Seligman quer combater industria da desapropriação
Seligman quer
combater industria
da desapropriação
Agência Estado
BRASÍLIA - O novo presidente do Instituto Nacional de Colonização e Reforma Agrária (Incra), Milton Seligman, reconhece que a indústria das desapropriações é hoje um dos principais problemas do orgão. Seligman pretende convocar a sociedade para participar do processo de desapropriação, inclusive o MST e o Conselho Regional de Engenharia e Arquitetuta (Crea), com o objetivo de diminuir a extensão das fraudes, que nos últimos dois anos deram um prejuízo de mais de R$ 20 milhões ao Incra. Seligman sugere mudanças na legislação para acabar com as supervalorizações das propriedades.

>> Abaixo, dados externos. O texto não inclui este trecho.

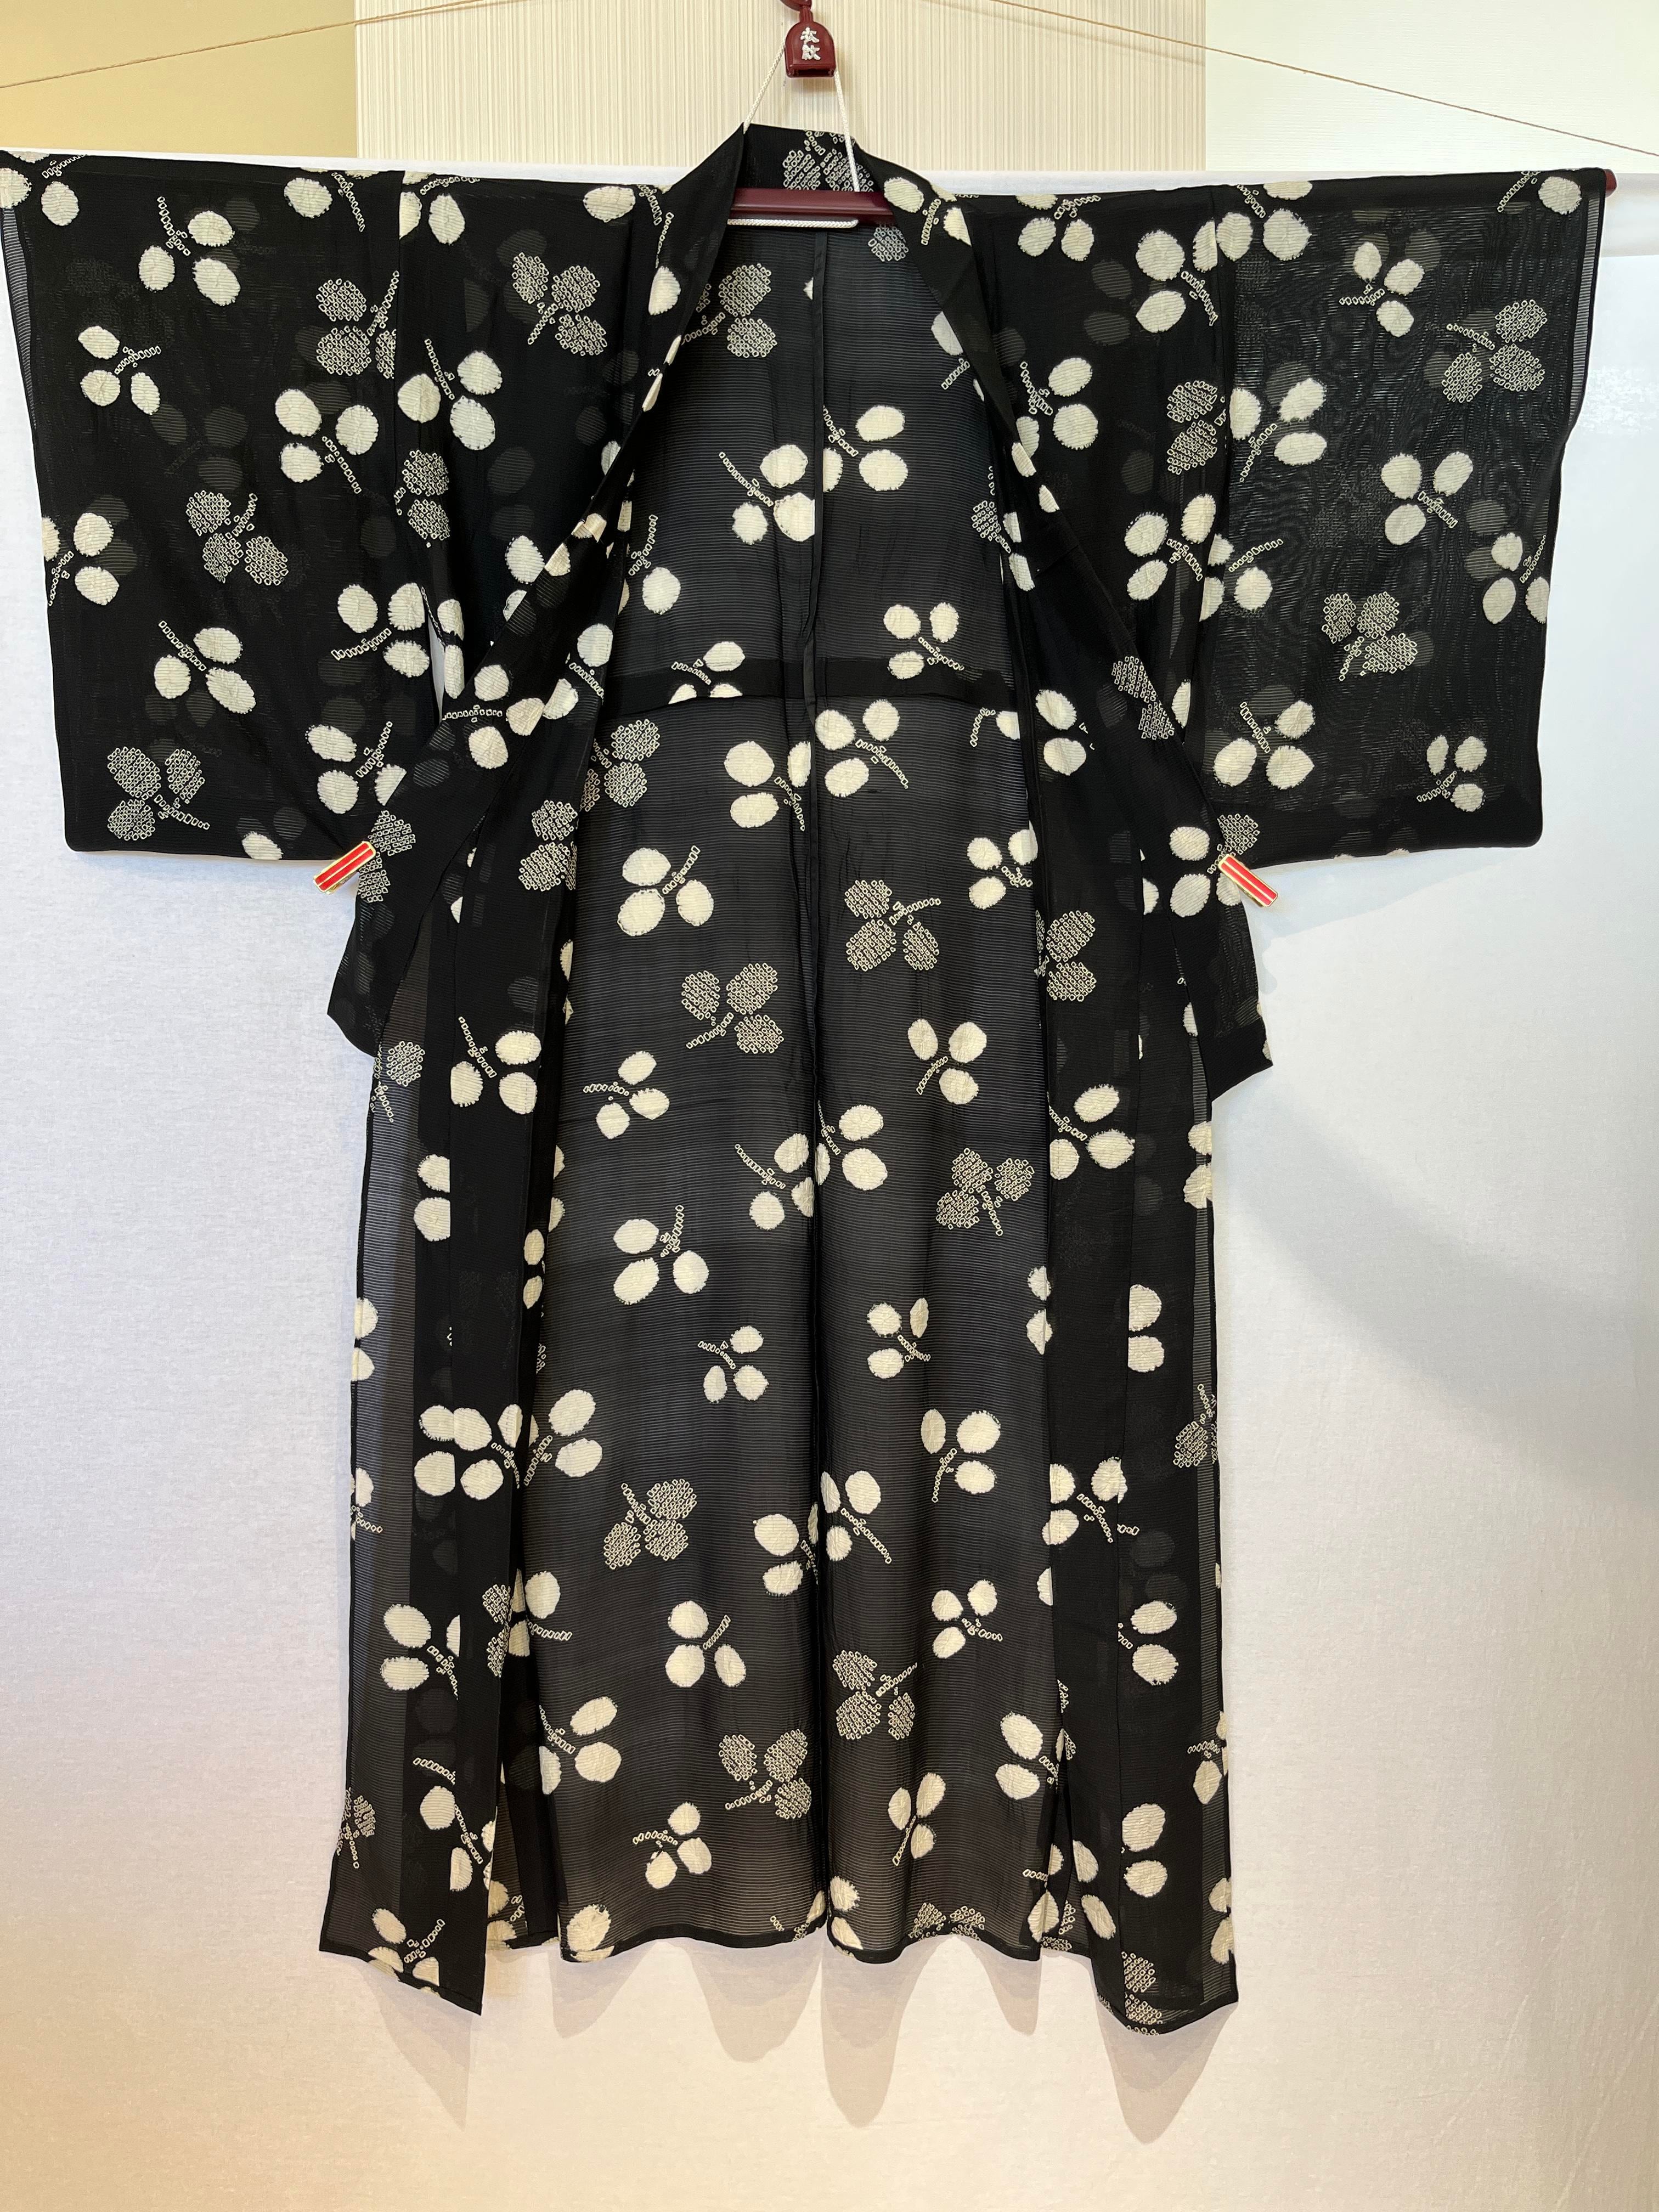 2182 アンティーク 夏用 絽 小紋 Antique Ro Komon Kimono for summer | リサイクル着物ショップ La遇  Used Kimono Shop Lagu powered by BASE

Agência Estado - O que o senhor pretende fazer para acabar com a supervalorização de terras proporcionadas pelo Incra, como ocorre hoje em Tocantins?
Milton Seligman - Em primeiro lugar, não existe orgão corrupto. Existem pessoas corruptas dentro de um organismo. O Incra tem tido a responsabilidade de carregar a luta pela reforma agrária em momentos dificílimos, em governos que eram completamente contra, que não deixavam avançar nada. Foi o Incra que sustentou essa luta até hoje. Então, merece o respeito da sociedade brasileira. É verdade que existe uma indústria da reforma agrária, que nada tem a ver com o Incra, mas que usa pessoas dentro da instituição. Usam a lógica da reforma agrária e os espaços criados, para que possam tomar do Tesouro, se apropriar de parte do Tesouro para interesse pessoal. Isso existe no Incra e precisa ser enfrentado.
Então, qual a saida para este caso?
Eu acho que existem alguns mecanismos que precisam ser postos em prática imediatamente. O primeiro é uma revisão da legislação. Você tem que ter controle para que os recursos sejam rigorosamente necessários para o desenvolvimento dos seus objetivos, no caso a reforma agrária. Então tem que revisar a legislação para ver onde estão os furos, onde o governo está remunerando exageradamente alguns dos atores desses processo, e rever as decisões tomadas de maneira isolada por funcionários, sem a percepção da sociedade.
E como seria feita a fiscalização para acabar com a corrupção?
O mercado de imóveis, nesse caso, é um grande aliado. Se você disser que vai desapropriar um determinado bem, por uma certa quantia, as pessoas passam a denunciar. Por exemplo: se eu disser que vou desapropriar a casa de uma pessoa pagando R$ 100 mil, enquanto a casa do vizinho vale R$ 30 mil, o vizinho pula e oferece seu imóvel mais barato. É preciso criar estes tipos de mecanismos. É preciso envolver outras pessoas neste processo, como os meios de comunicação.
Como presidente do Incra o senhor vai fazer estas propostas de modificações?
Isso é uma proposta que já está na linha de ação da reforma agrária. O que tem que fazer é implementar isso. Quando fui anunciado pelo ministro Raul Jungmann, disse que minha missão era executiva e política, mas a reformulação da reforma agrária é do ministro.